The 13th-century cathedral is best known for housing one of the remaining four original copies of the Magna Carta (The Great Charter), a groundbreaking document on human rights sealed on June 15, 1215, by King John at Runnymede. Visitors to the cathedral have the opportunity to see the document in the gorgeous Chapter House.
Stonehenge the prehistoric stone monument is a UNESCO World Heritage site near Salisbury in the southwest of England. Even today the construction of this monument baffles scientists and historians. The Henge aligns with the Winter sunset solstice sun and the spring solstice sunrise. Stonehenge dates to around 3000 BC and is a masterpiece of megalithic engineering.

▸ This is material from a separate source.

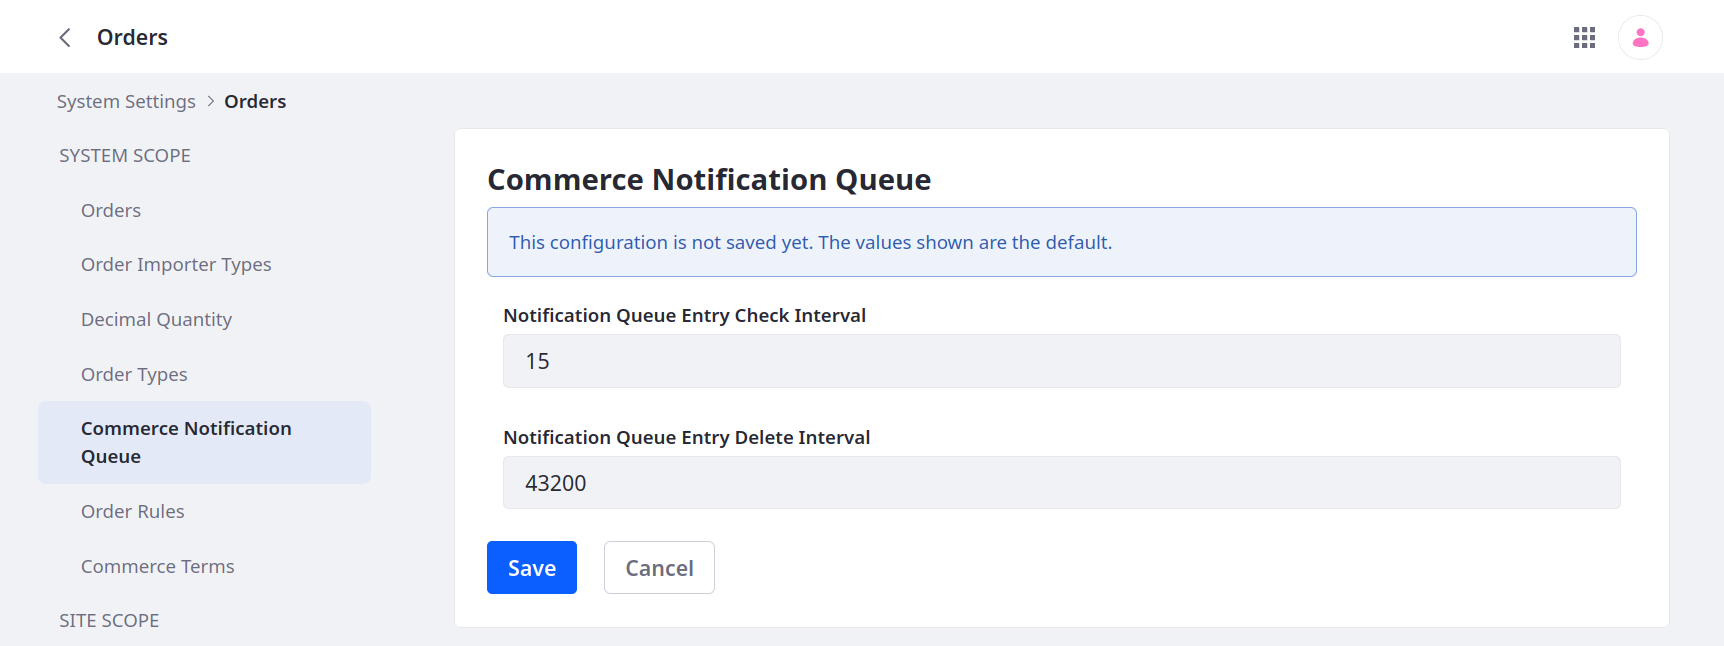 Change the default values for the Notification Queue Entry Check and Delete Intervals

Stonehenge and Avebury, on the Berkshire and Wiltshire borders, are among the most famous groups of stone circles in the world. The two areas consist of circles of menhirs (stones) arranged in a pattern whose astronomical significance is still being explored. According to UNESCO “these holy places and the nearby Neolithic sites are an incomparable testimony to prehistoric times”.
Avebury is the largest prehistoric stone circle in the world. Together with inter-related monuments, and their associated landscapes, it demonstrates ceremonial practices dating back 2000 years. At Avebury, there are related areas that include Windmill Hill, the West Kennet Long Barrow, the Sanctuary, Silbury Hill, the West Kennet and Beckhampton Avenues, the West Kennet Palisade Enclosures, and important barrows.
The Shambles is a term used to describe a maze of narrow twisty lanes in the centre of York. At the heart of the Shambles is the actual lane called The Shambles and it is obviously the best-preserved medieval street in the world. The Domesday Book of William the Conqueror mentions the Shambles in 1086. Many of the existing buildings date back to 1350-1475 and are chock full of stories and interesting history.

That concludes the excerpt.